= Guru Rao =

American biochemist

A. Gururaj Rao is an Indian-American biochemist.

A. Gururaj Rao (also known as Guru Rao and Aragula Rao) has over 40 years of research experience in biochemistry/molecular biology, and leadership experience in research administration in academia and the private sector. Rao obtained his doctorate from the University of Mysore and completed postdoctoral research at Case Western University before beginning his academic career on the University of South Carolina faculty as a research assistant professor from 1983 to 1987. In 1988, Rao shifted from academia into the world of corporate research. He joined Des Moines based Pioneer Hi-Bred International (now Corteva) as a protein biochemist in the biotechnology division where he engaged in techniques in protein engineering for improving the nutritional value and disease resistance in crop plants such as corn and soybean. He subsequently joined the Iowa State University faculty, where he later served as chair of the Roy J. Carver Department of Biochemistry, Biophysics and Molecular Biology. Rao was also associate vice president for research during his tenure at Iowa State. In 2020, Rao served as interim vice president for research between the retirement of Sarah Nusser to the appointment of Peter K. Dorhout. Upon retiring from Iowa State, Rao was granted emeritus status.

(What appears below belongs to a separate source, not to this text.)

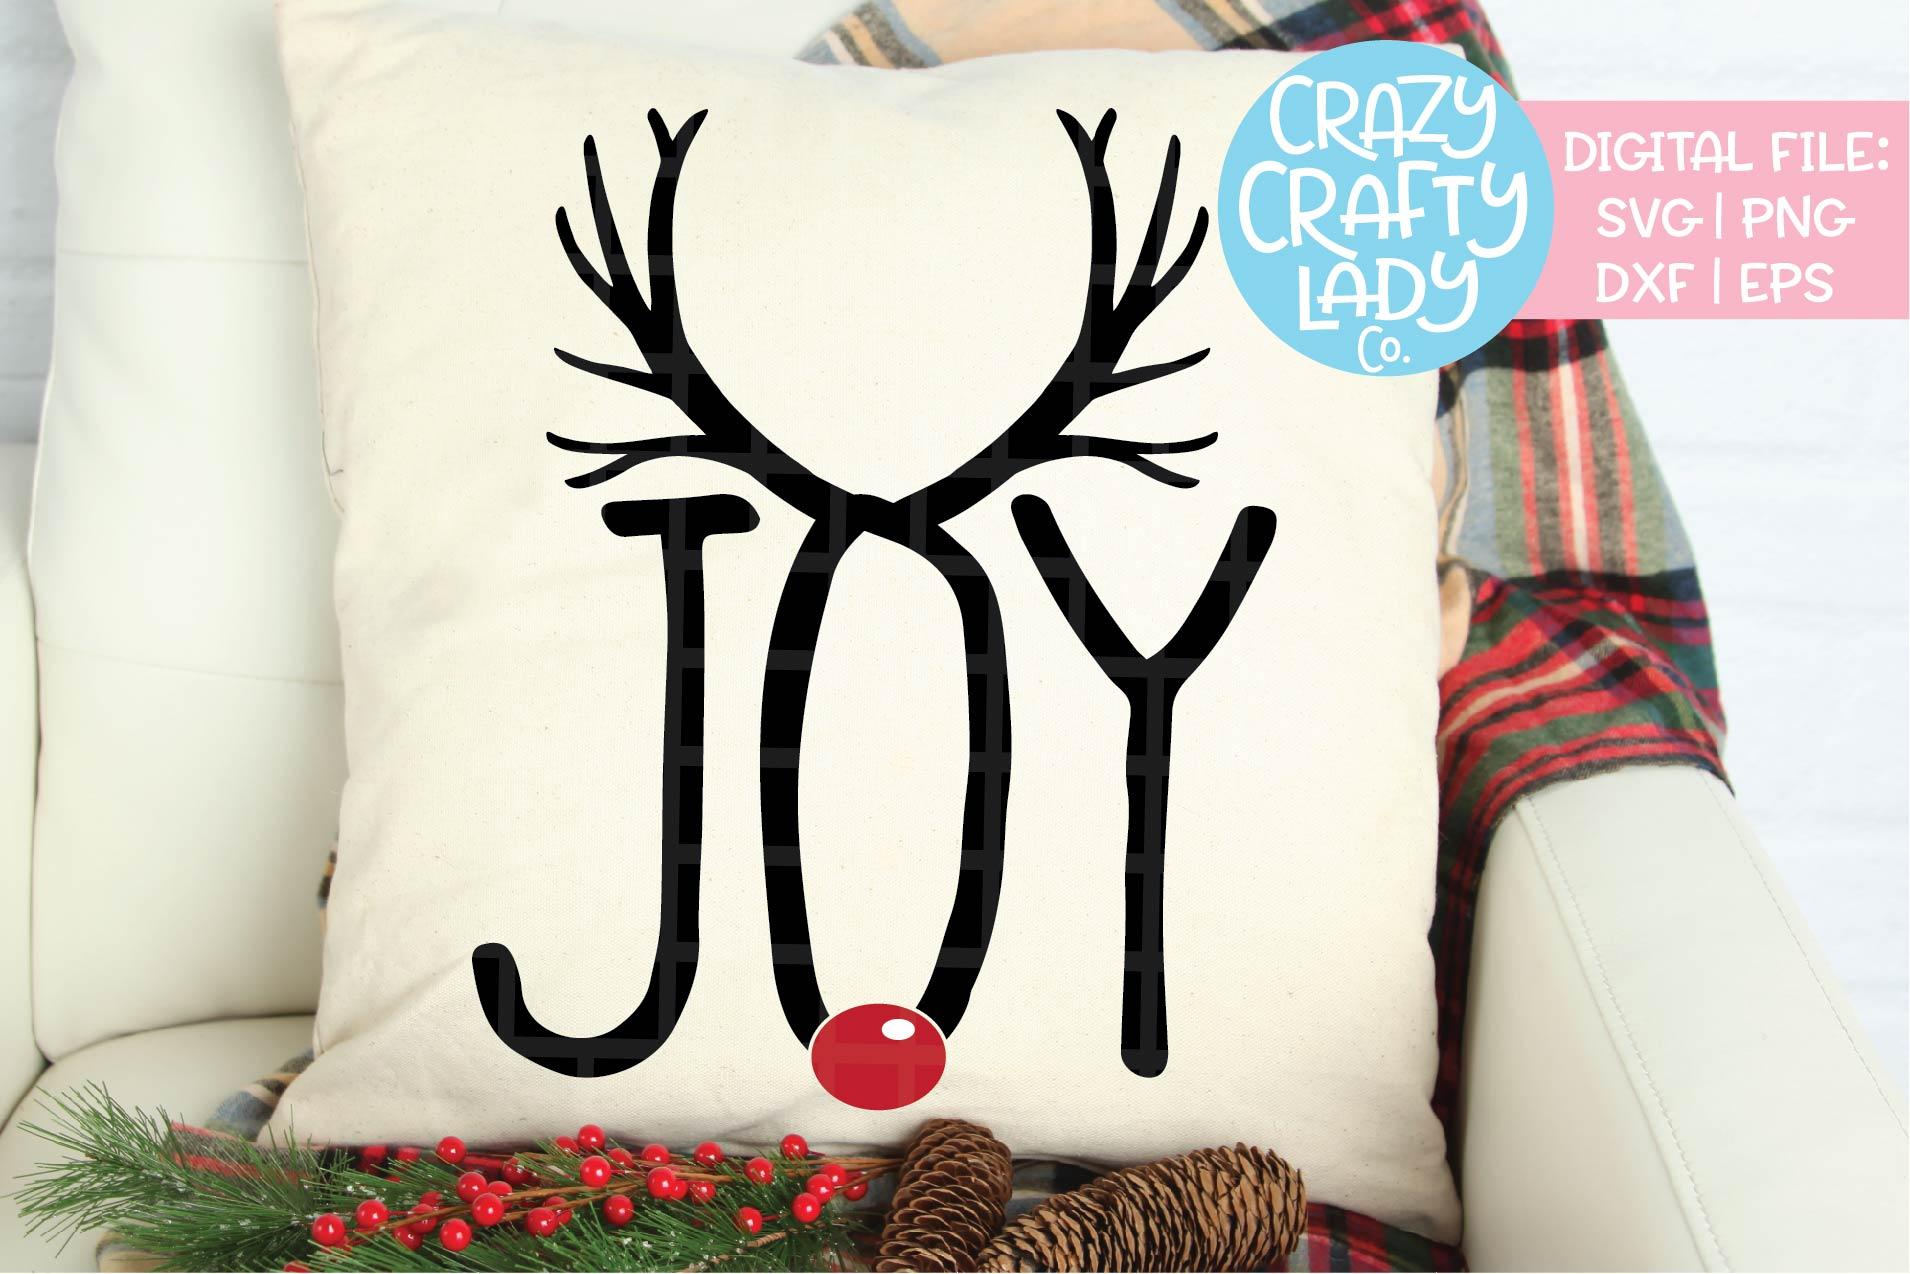 Joy Reindeer SVG DXF EPS PNG Cut File example image 1

Rao was elected a fellow of the American Association for the Advancement of Science in 2016, and awarded an equivalent honor from the National Academy of Inventors in 2019. In 2023 Rao was included in Marquis Who's Who. He has numerous patents and peer-reviewed publications and served as associate editor for the journals, PLOS ONE and Journal of Proteins and Proteomics (India). Rao pursues an avid interest in science communication and fostering research-based innovation and entrepreneurship strategies in the academic community.